【CF580C Kefa and Park】题解
题目链接
题目
Kefa decided to celebrate his first big salary by going to the restaurant.
He lives by an unusual park. The park is a rooted tree consisting of $ n $ vertices with the root at vertex $ 1 $ . Vertex $ 1 $ also contains Kefa's house. Unfortunaely for our hero, the park also contains cats. Kefa has already found out what are the vertices with cats in them.
The leaf vertices of the park contain restaurants.
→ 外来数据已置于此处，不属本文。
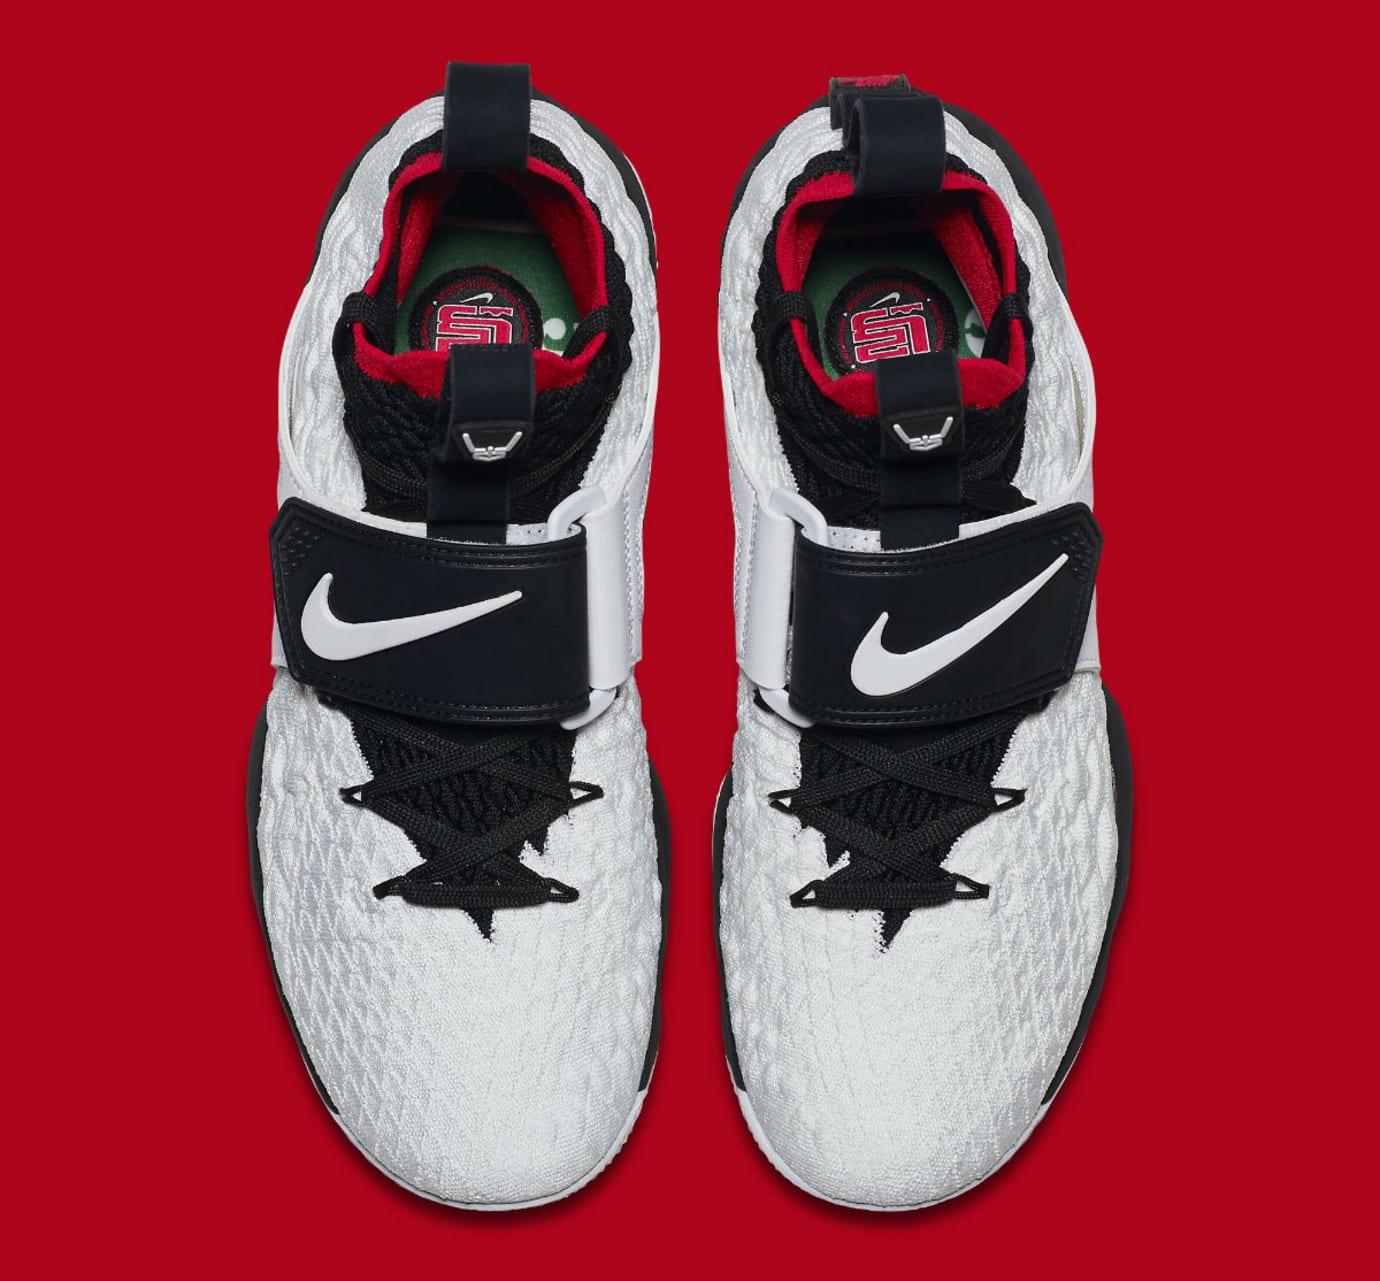 Nike LeBron 15 Diamond Turf Release Date AO9144-100 Top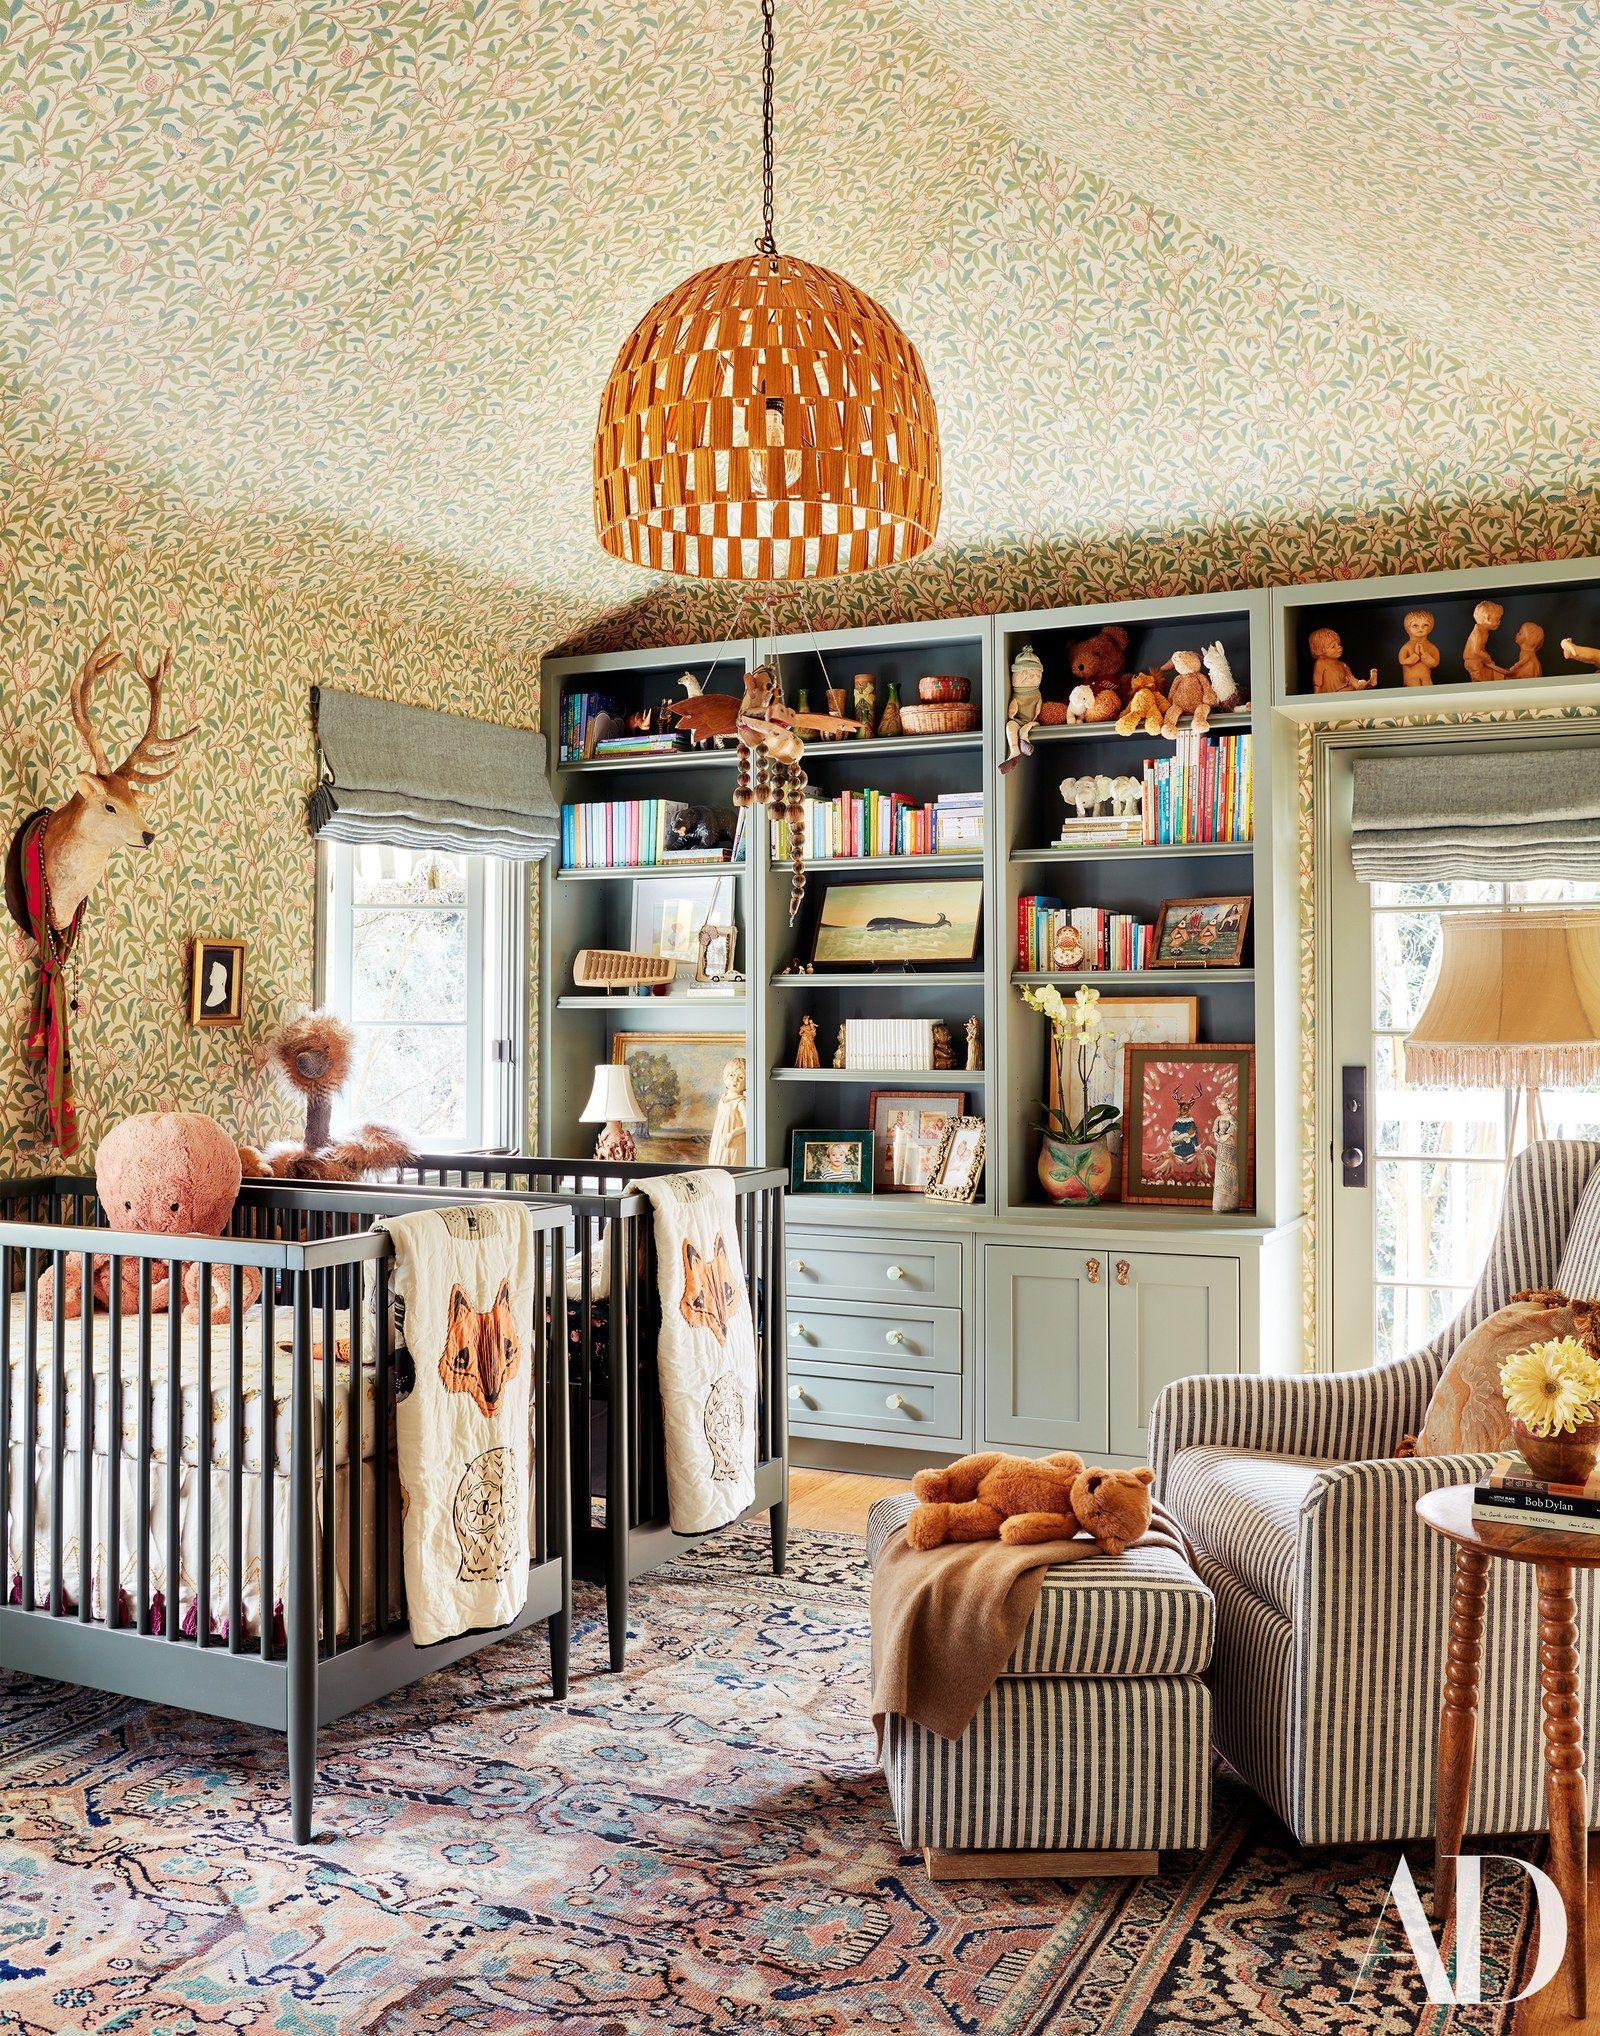 Image result for Family Treasure kids room

Kefa wants to choose a restaurant where he will go, but unfortunately he is very afraid of cats, so there is no way he will go to the restaurant if the path from the restaurant to his house contains more than $ m $ consecutive vertices with cats.
Your task is to help Kefa count the number of restaurants where he can go.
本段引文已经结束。